"They were born here and died here."
Do the Roma have a right to live where they've always lived?
“We were on our way out of the mahala, and I realized this might be the last time I’m seeing it. So I took a picture of the house in front of me, where it just so happened that a child’s birthday was being celebrated. I wanted to capture this moment, probably the last moment, before the house is destroyed forever.”
Maria Dacheva
activist, filmmaker, photographer, and our very dear friend
We don’t know when our Romani quarter was born. There’s no paperwork for it - which is part of the reason why everyone around feels it has no right to exist.
But if you ask the Roma, they’ll say the quarter - also called mahala - has existed for “90 years” or “a century.”
And they’ll add, “My mother was born here and died here. My grandmother and grandfather - they were born here. And died here.”
They don’t mean this symbolically. Up until very recently, women in the mahala gave birth there, in the barracks, or under the open sky, with fellow women acting as midwives. Pepi, co-author of this publication, was born under the open sky almost 46 years ago - back when the mahala was much larger. Today, there’s a McDonald’s at this exact spot. “I was born at the McDonald’s” is how Pepi jokingly talks about his birth.
“I was born under that tree,” is how his sister Nana relays her own birth. The tree is still there, even if the tiny houses that used to house Romani families around it were razed years ago.
Just as much as being born there makes the mahala their home, dying there makes it the Roma’s home too.
Even when someone dies outside of the quarter, like at a hospital for example, the body is always brought back to the mahala for the final farewell from the community.
When someone from a Romani tribe passes away at a hospital or some other ‘foreign’ place, the first thing the tribe does is to bring them back home. This ‘handover’ is the last time outsiders have any involvement in the funeral of a Roma person.
from “With our own hands:” Romani funerals are a profound act of love
The Roma from our community would tell you “We know we are illegal.” This means that their houses were built illegally, without the proper paperwork and permissions from institutions. And when we say houses, we don’t mean mansions. We mean barracks, very small but cosy, which people in the tribe have built with their own hands.
The thing about these so called “urban Romani ghettos” is that they emerge on the outskirts of cities as a result of very intentional marginalization from mainstream society. The Romani way of life, ancestral crafts, and traditional ways of making a living, were all outlawed, punished, and - in one word - destroyed. And the people were pushed outside, out of sight, sinking into poverty.
Our Romani mahala is now part of a busy neighborhood that has ambitions to be “middle-class.” The Roma want to make things work. They even worked with the municipality to officially legalize the houses - and the municipality was in the process of making it happen when it abruptly stopped and sold the land underneath.
But a century ago, this was not a residential area.

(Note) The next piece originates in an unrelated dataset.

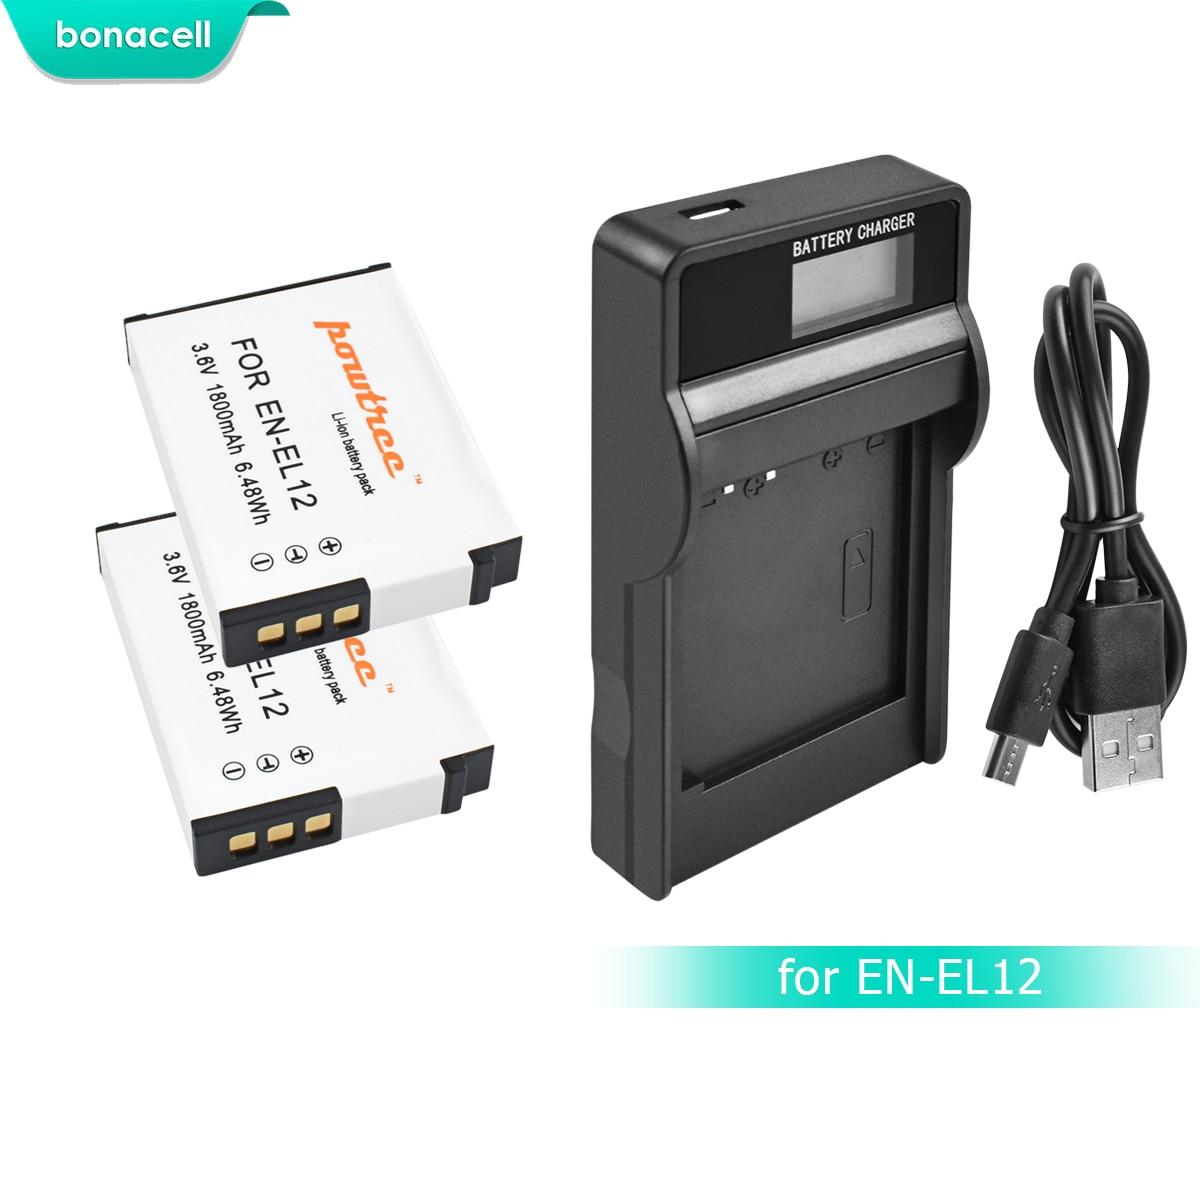 Bonacell 1800mAh EN-EL12 EN EL12 Battery+LCD Chargerfor Nikon CoolPix S610 S610c S620 S630 S710 P300 P310 P330 S6200 S9400 L15

It was outside of the city, which is where the Roma, with their own hands, built small houses.
The white middle-class residents in the neighborhood today want the “ghetto” gone, and are tirelessly insisting from institutions to demolish it. Where would the Roma go? Out of sight, of course.
In 2017 and 2019, the municipality razed part of the mahala. Pepi’s house was one of those destroyed in 2019. Over 30 families have been living in dystopian conditions since then, in social housing and crisis centers. Their address registration was erased and they have been facing an unthinkable bureaucratic hell. They are under constant threat of being left on the street and child protection services taking their kids.
And now, the municipality is gearing up to raze the remaining houses.
Over 200 people, but this time, there’s nowhere to go. Not even a dystopian crisis center - because there’s no room. The Roma were told by an official to “figure it out.”
They were all born there. The remaining 200+ people and the hundred more who are now fighting for survival in government-owned buildings.
But they will no longer have the comfort of knowing that they will die there. Because this place will be gone forever. They will die in foreign places. Their loved ones will hold their final farewells in foreign places - just like they are now holding weddings. With municipality workers and policemen peaking over their shoulders.